- League: Arena Football League
- Sport: Arena football
- Duration: April 13 – July 28, 2018

Regular season
- Season champions: Albany Empire

League postseason
- #1 vs #4 champions: Washington Valor (#4)
- #1 vs #4 runners-up: Albany Empire (#1)
- #2 vs. #3 champions: Baltimore Brigade (#2)
- #2 vs. #3 runners-up: Philadelphia Soul (#3)

ArenaBowl XXXI
- Champions: Washington Valor
- Runners-up: Baltimore Brigade
- Finals MVP: Arvell Nelson

AFL seasons
- ← 20172019 →

= 2018 Arena Football League season =

The 2018 Arena Football League season was the 31st season in the history of the Arena Football League (AFL).

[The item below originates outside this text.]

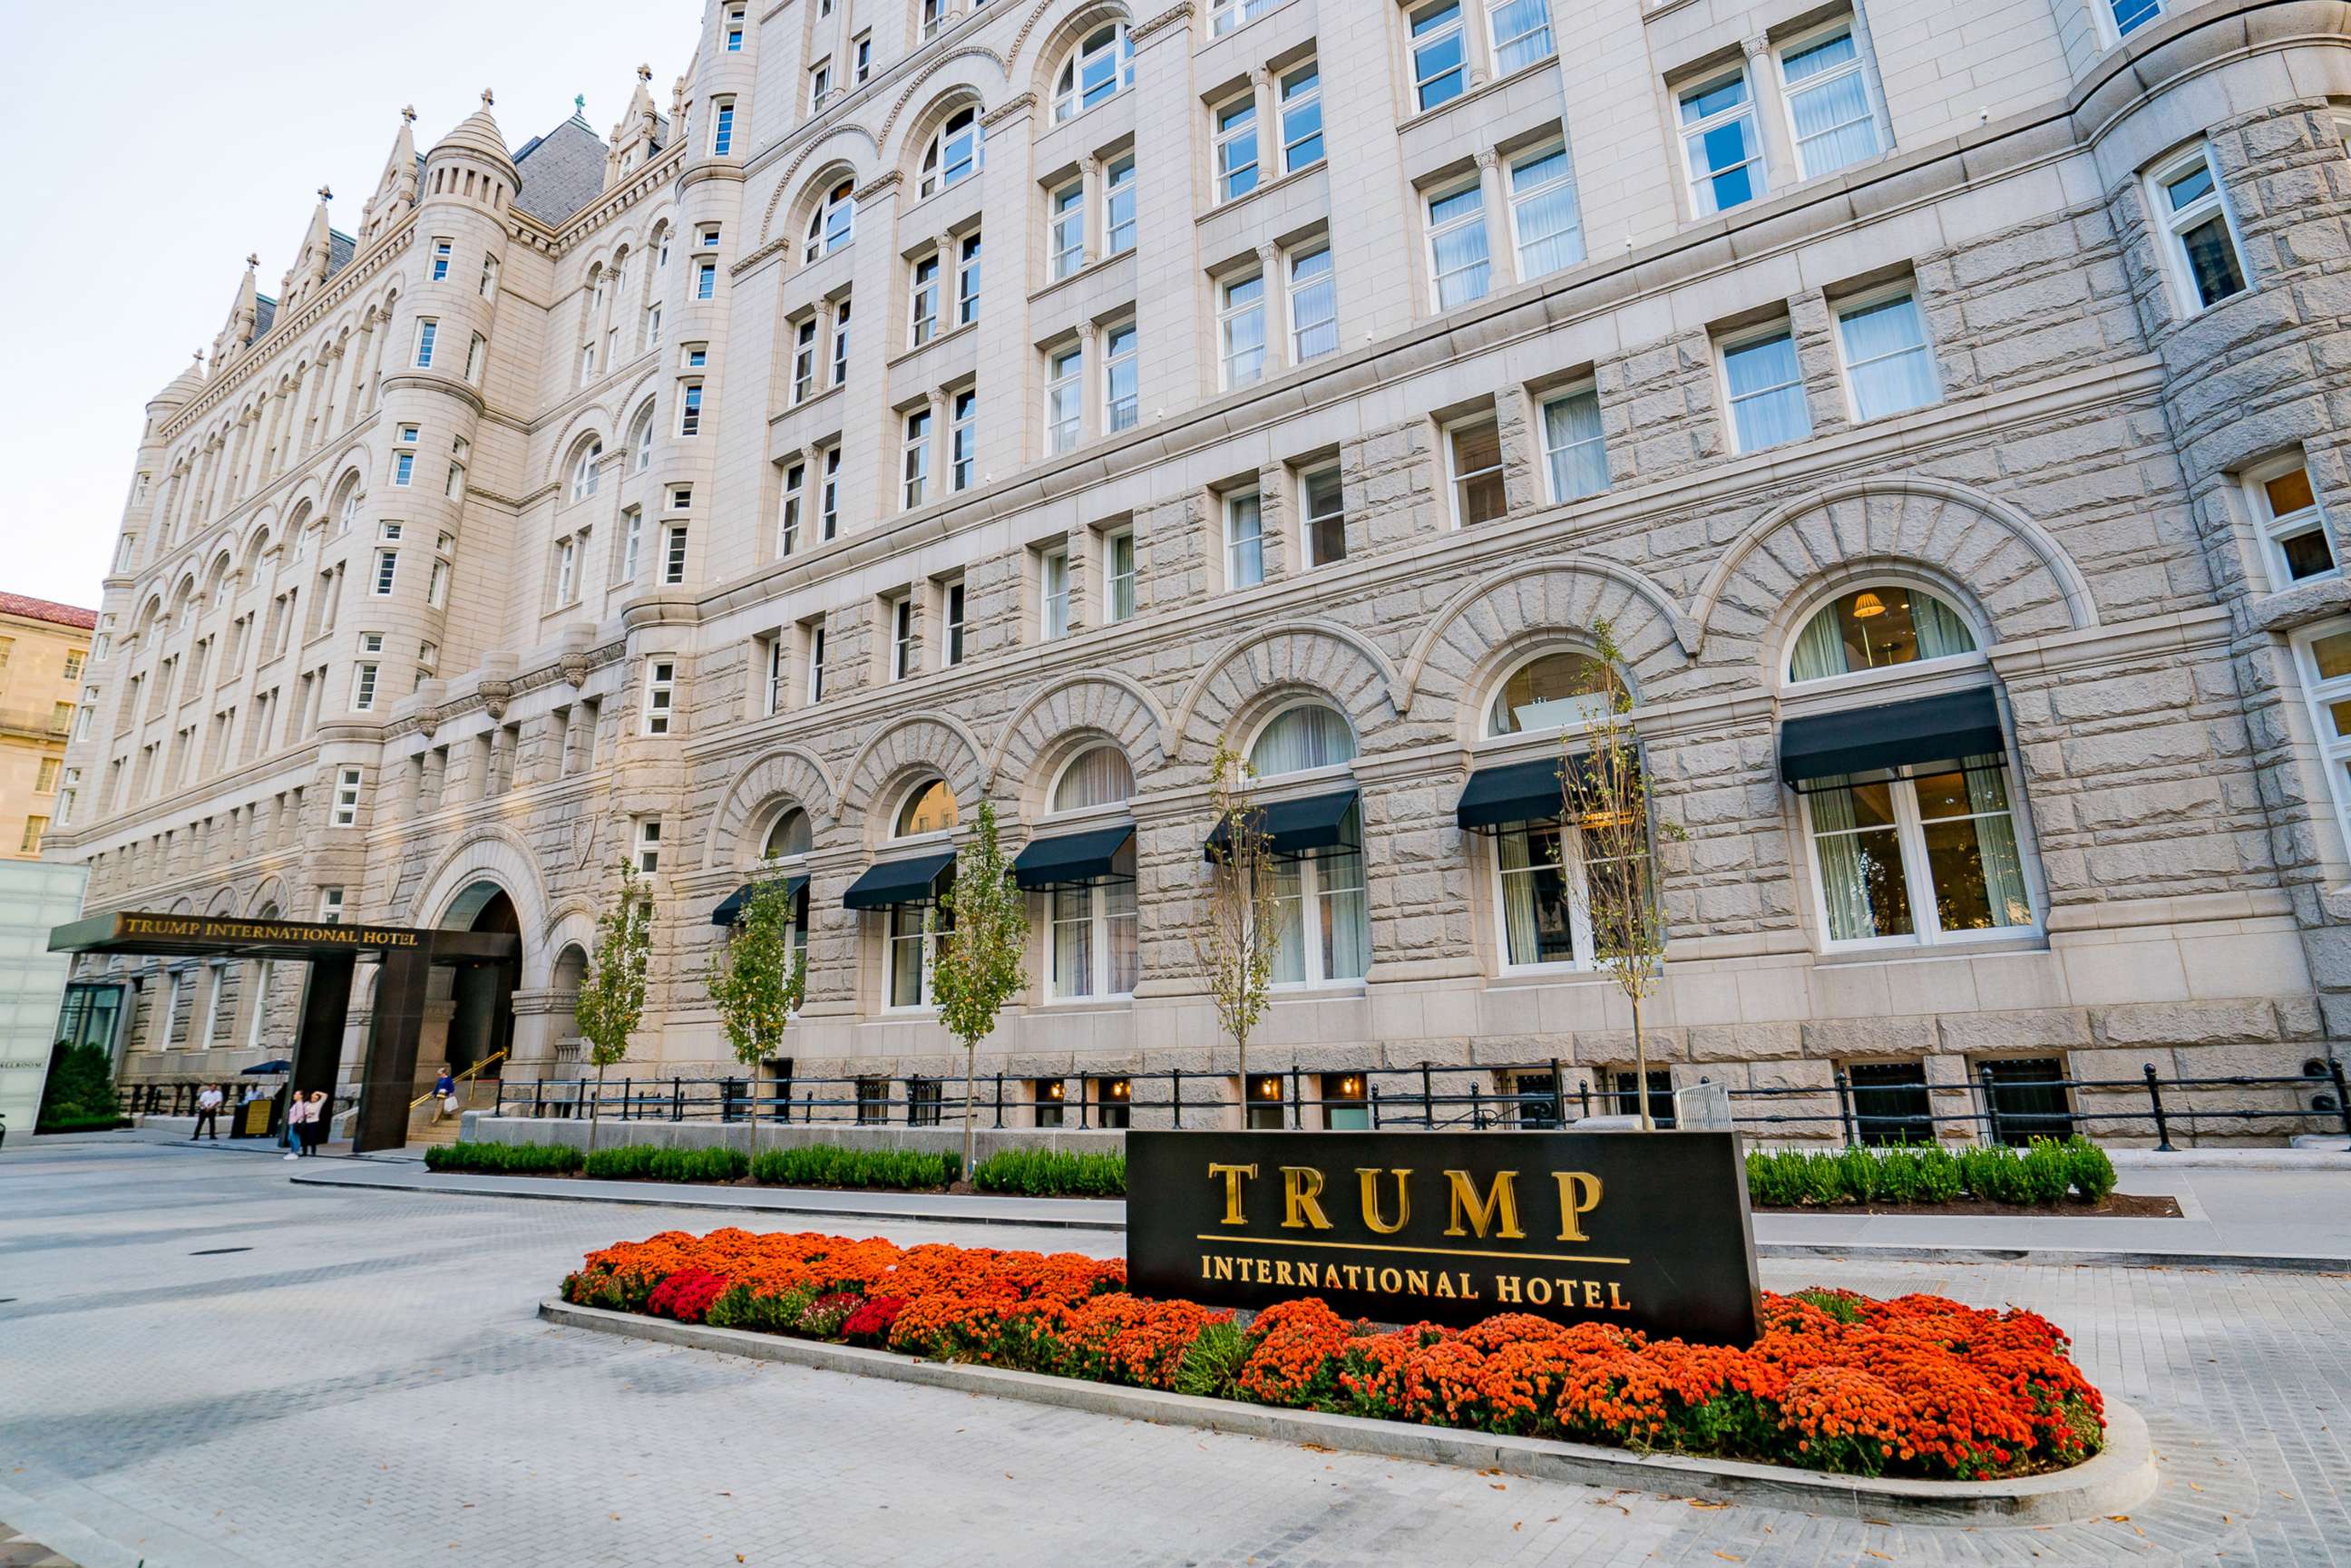 PHOTO: A general view of the Trump International Hotel in Washington, D.C. at the Old Post Office, Oct. 30, 2016.

Prior to the start of the season, the league contracted from five to four teams with one team folding, one going on hiatus, and one added expansion team. The 12-game regular season began on April 13 and ended on July 7.

==League business==
===League organization changes===
The offseason was marked by uncertainty until the AFL and Arena Football League Players' Union reached a new deal on a four-year collective bargaining agreement (CBA), nearly doubling player compensation and expanding health insurance benefits, replacing the previous CBA, which had expired after the 2017 season. The deal was finally reached amid rumors that the season and league's existence were in jeopardy when the two sides were failing to negotiate through several proposals and supposed ultimatums.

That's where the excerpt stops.